Applied standards: BGB § 826, § 831
1. If exhaust gas recirculation, which is used to reduce nitrogen oxide emissions (NOx) in a motor vehicle, is reduced at low outside temperatures (so-called "thermal window"), this constitutes an (inadmissible) shutdown device within the meaning of Art. 5 para. 2, Art. 3 No. 10 EG VO 715 / 2007. It is irrelevant to what extent exhaust gas recirculation is reduced because Art. 5 para. 2, Art. 3 no. 10 EG VO 715 / 2007 does not differentiate according to the degree of change in the emission control system.
2. Such a defeat device is not exceptionally under Art. 5 para. 2 lit. (a) EC VO 715 / 2007 is authorized for the purposes of engine protection when other technical solutions are available, using the best available technology, whether economically more expensive or not.
3. Not necessary and thus inadmissible within the meaning of Art. 5 para. 2 sentence 2 lit. a) EC VO 715 / 2007 is such a shutdown device that operates almost continuously from an engine point of view (at outside temperatures below 14 ° Celsius) and thus runs counter to the objectives of the regulation.
4. For the existence of the exception requirements of Art. 5 para. 2 sentence 2 lit. a) EC VO 715 / 2007 hits the manufacturer with the full primary burden of proof and documentation (continuation of LG Stuttgart, 17.01.2019 - 23 O 178 / 18; LG Stuttgart, 17.01.2019 - 23 O 172 / 18; LG Stuttgart 17.01.2019 - 23 O 180 / 18).

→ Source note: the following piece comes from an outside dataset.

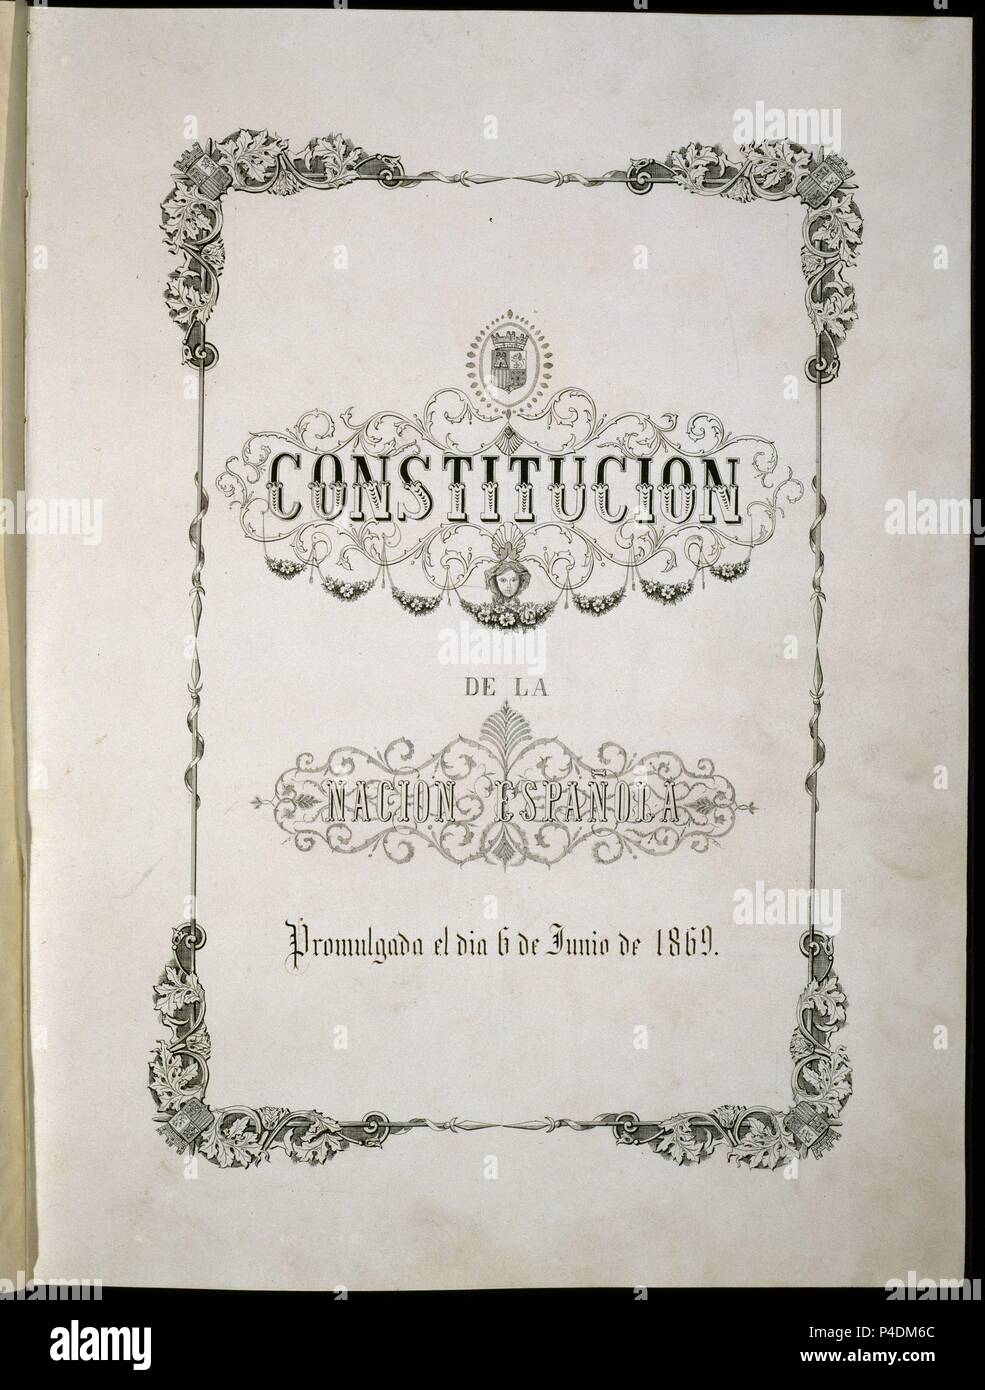 CONSTITUCION DE LA NACION ESPAÑOLA PROMULGADA EL 6/6/1869-PORTADA. Location: CONGRESO DE LOS DIPUTADOS-BIBLIOTECA, MADRID, SPAIN. Stock Photo

5. If, while driving through the "New European Driving Cycle" (NEDC), an increased amount of required urea (AdBlue) is mixed in the SCR system, while in real driving this is not the case and the specific software programming involves the regeneration of SCR catalytic converters , which is required for the efficiency of the exhaust gas purification, takes place almost exclusively in the first 20 - 25 minutes of vehicle operation, ie the time that the usual NEDC cycle needs, this also constitutes an impermissible shutdown device within the meaning of Art. 5 para. 2 EG VO 715 / 2007.
6. In addition to the deception of consumers also justified the deception of the Federal Motor Transport Authority (KBA) in the approval process (EC type-approval) the immorality of the actions of the manufacturer in accordance with § 826 BGB.
7. The manufacturer is responsible for a secondary burden of explanation regarding the knowledge of the management board of the use of such an inadmissible defeat device.
8. The consequence of the secondary burden of presentation is, on the one hand, that the manufacturer can not content himself with a simple dispute, but must shake the actual presumption to a reasonable extent by substantiated counter-lecture. If he does not comply, the submission of the plaintiff is deemed to have been granted (§ 138 para. 3 ZPO). In the context of the secondary burden of analysis, the manufacturer is also responsible for investigating to a reasonable extent. Should it not be possible or reasonable for him to bring about a final clarification, it is not sufficient to inform about the failure, but rather he has to specifically state what knowledge he has gained about the circumstances of an event of infringement (connection to: OLG Karlsruhe, Note from the 05.03.2019 - 13 U 142 / 18).
9. The claim against the manufacturer of the engine can be based both on § 826 BGB and on § 831 BGB ("election determination").
10. To the preconditions to § 826 BGB in the so-called "waste gas cases" (connection to: OLG Karlsruhe, notice of the 05.03.2019 - 13 U 142 / 18, Cologne Higher Regional Court, 03.01.2019 - 18 U 70 / 18)
11. To the prerequisites of the jump revision according to § 566 ZPO, for a quick supreme court clarification with fundamental meaning.